Could you set down the listing below exactly and omit its images?
=== Data excerpt ===
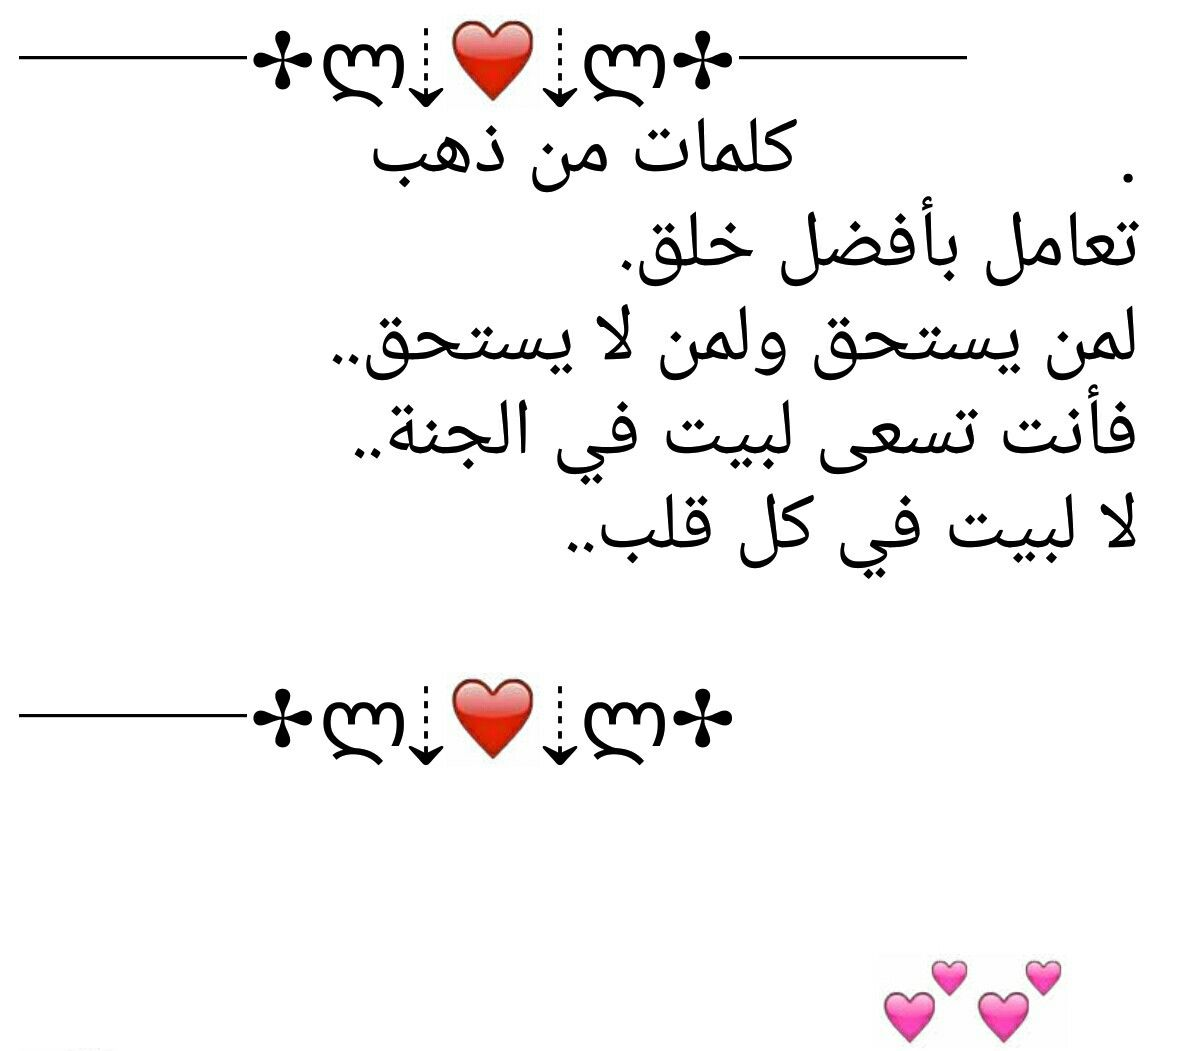 كلمات من ذهب Arabic Calligraphy Calligraphy
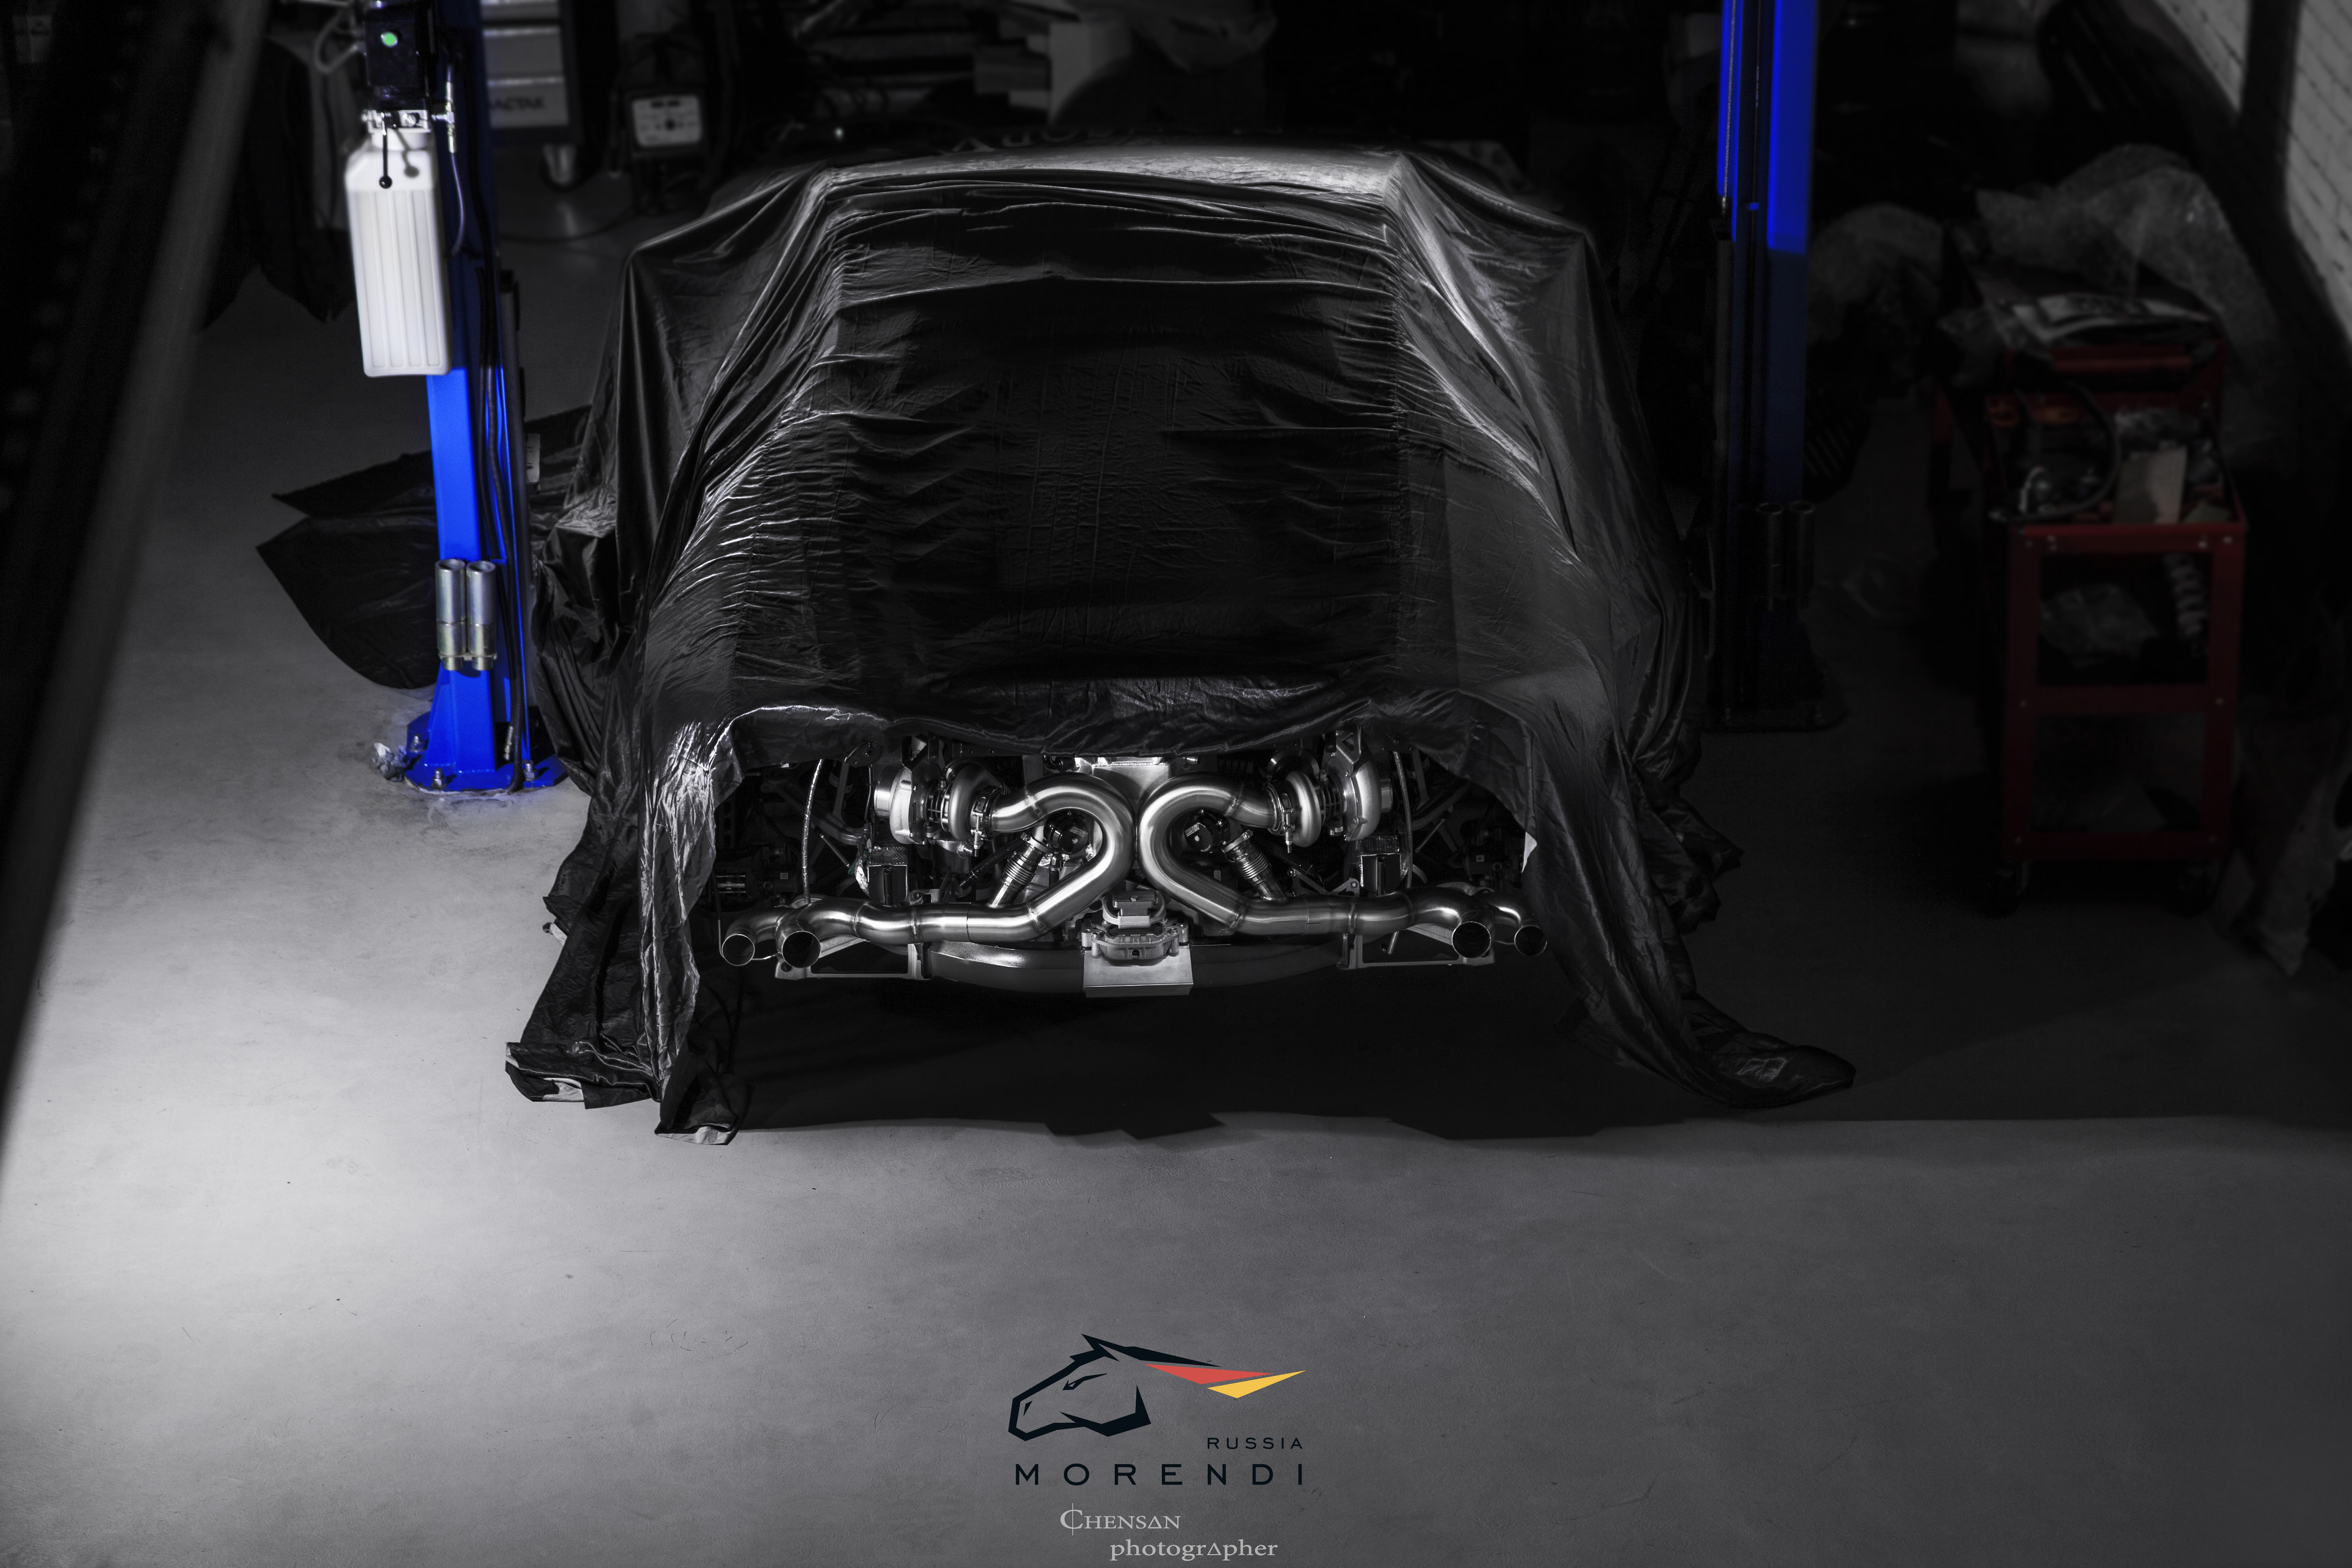 DSC OFF: Заезд Lamborghini Huracan TwinTurbo построенной в Morendi против Nissan GTR 950 лс
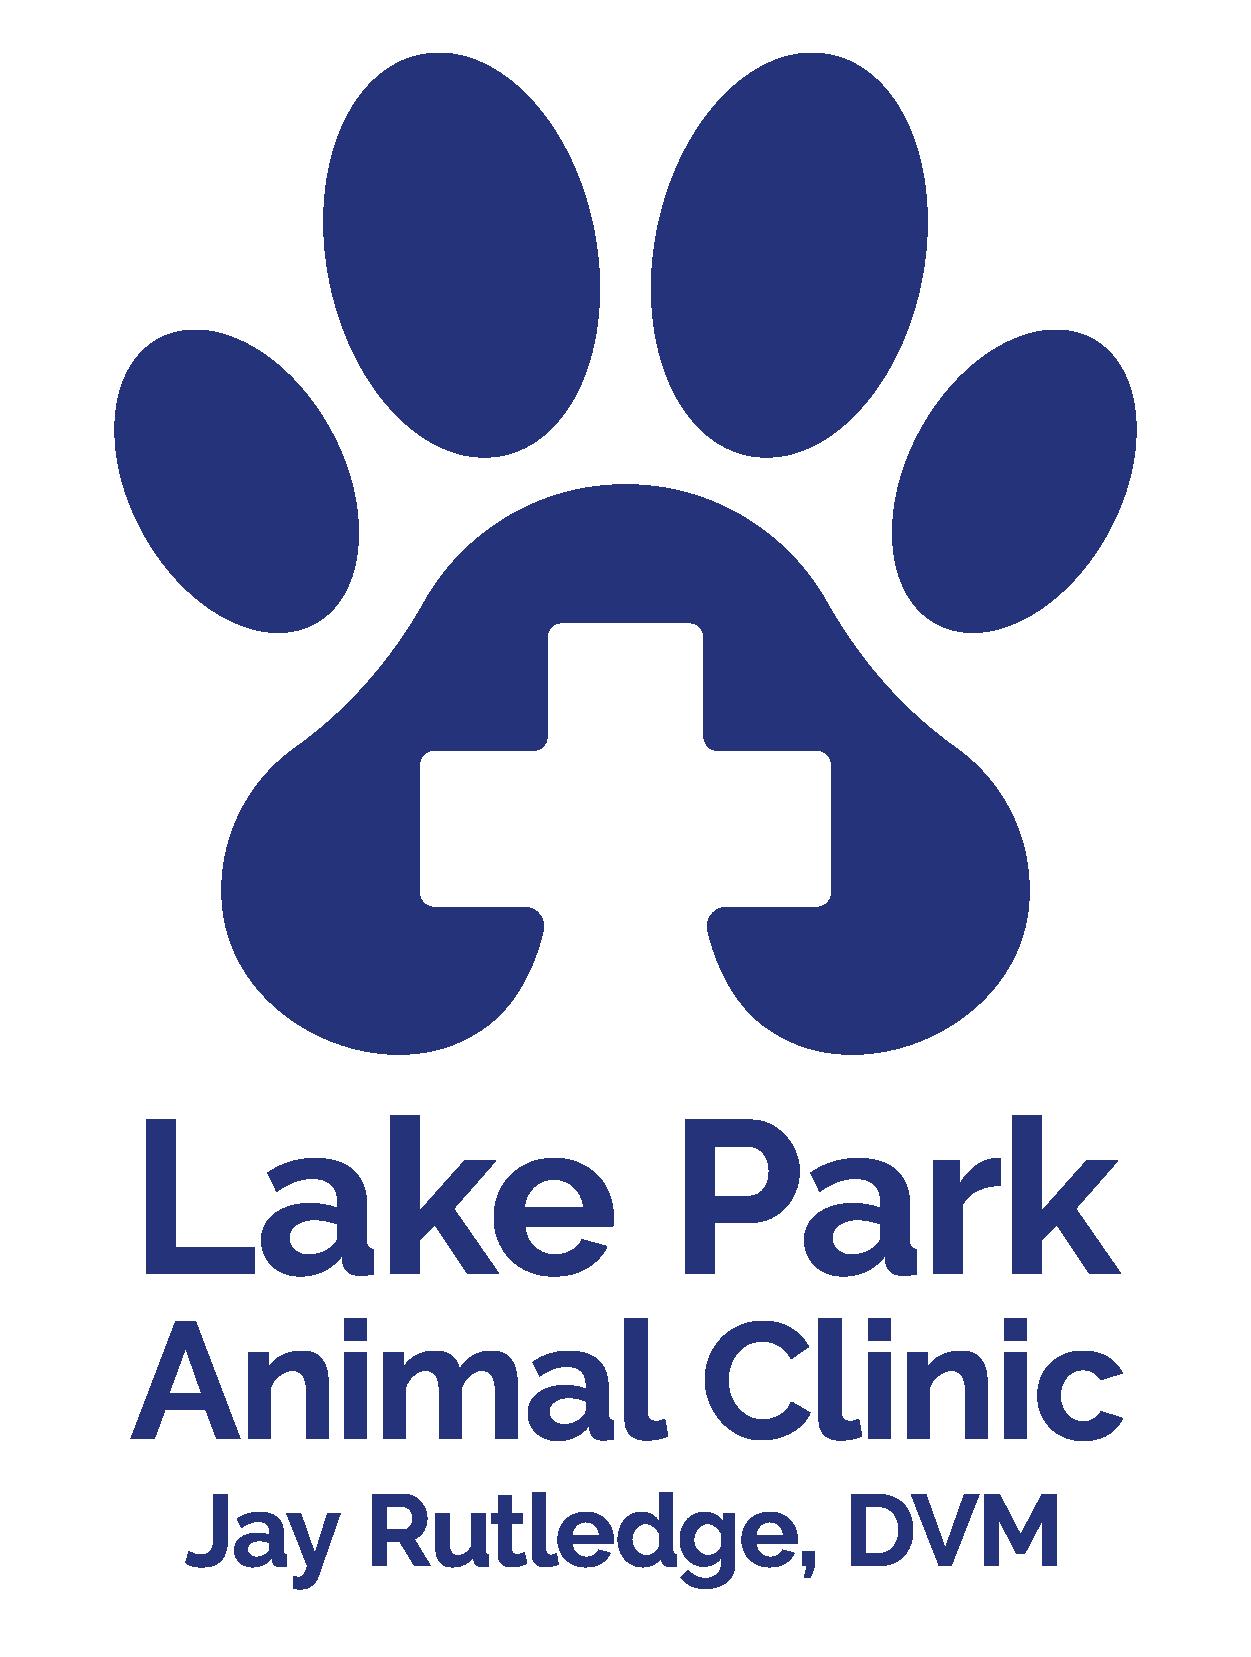 Lake Park Animal Clinic
===
### Final answer
 كلمات من ذهب Arabic Calligraphy Calligraphy
 DSC OFF: Заезд Lamborghini Huracan TwinTurbo построенной в Morendi против Nissan GTR 950 лс
 Lake Park Animal Clinic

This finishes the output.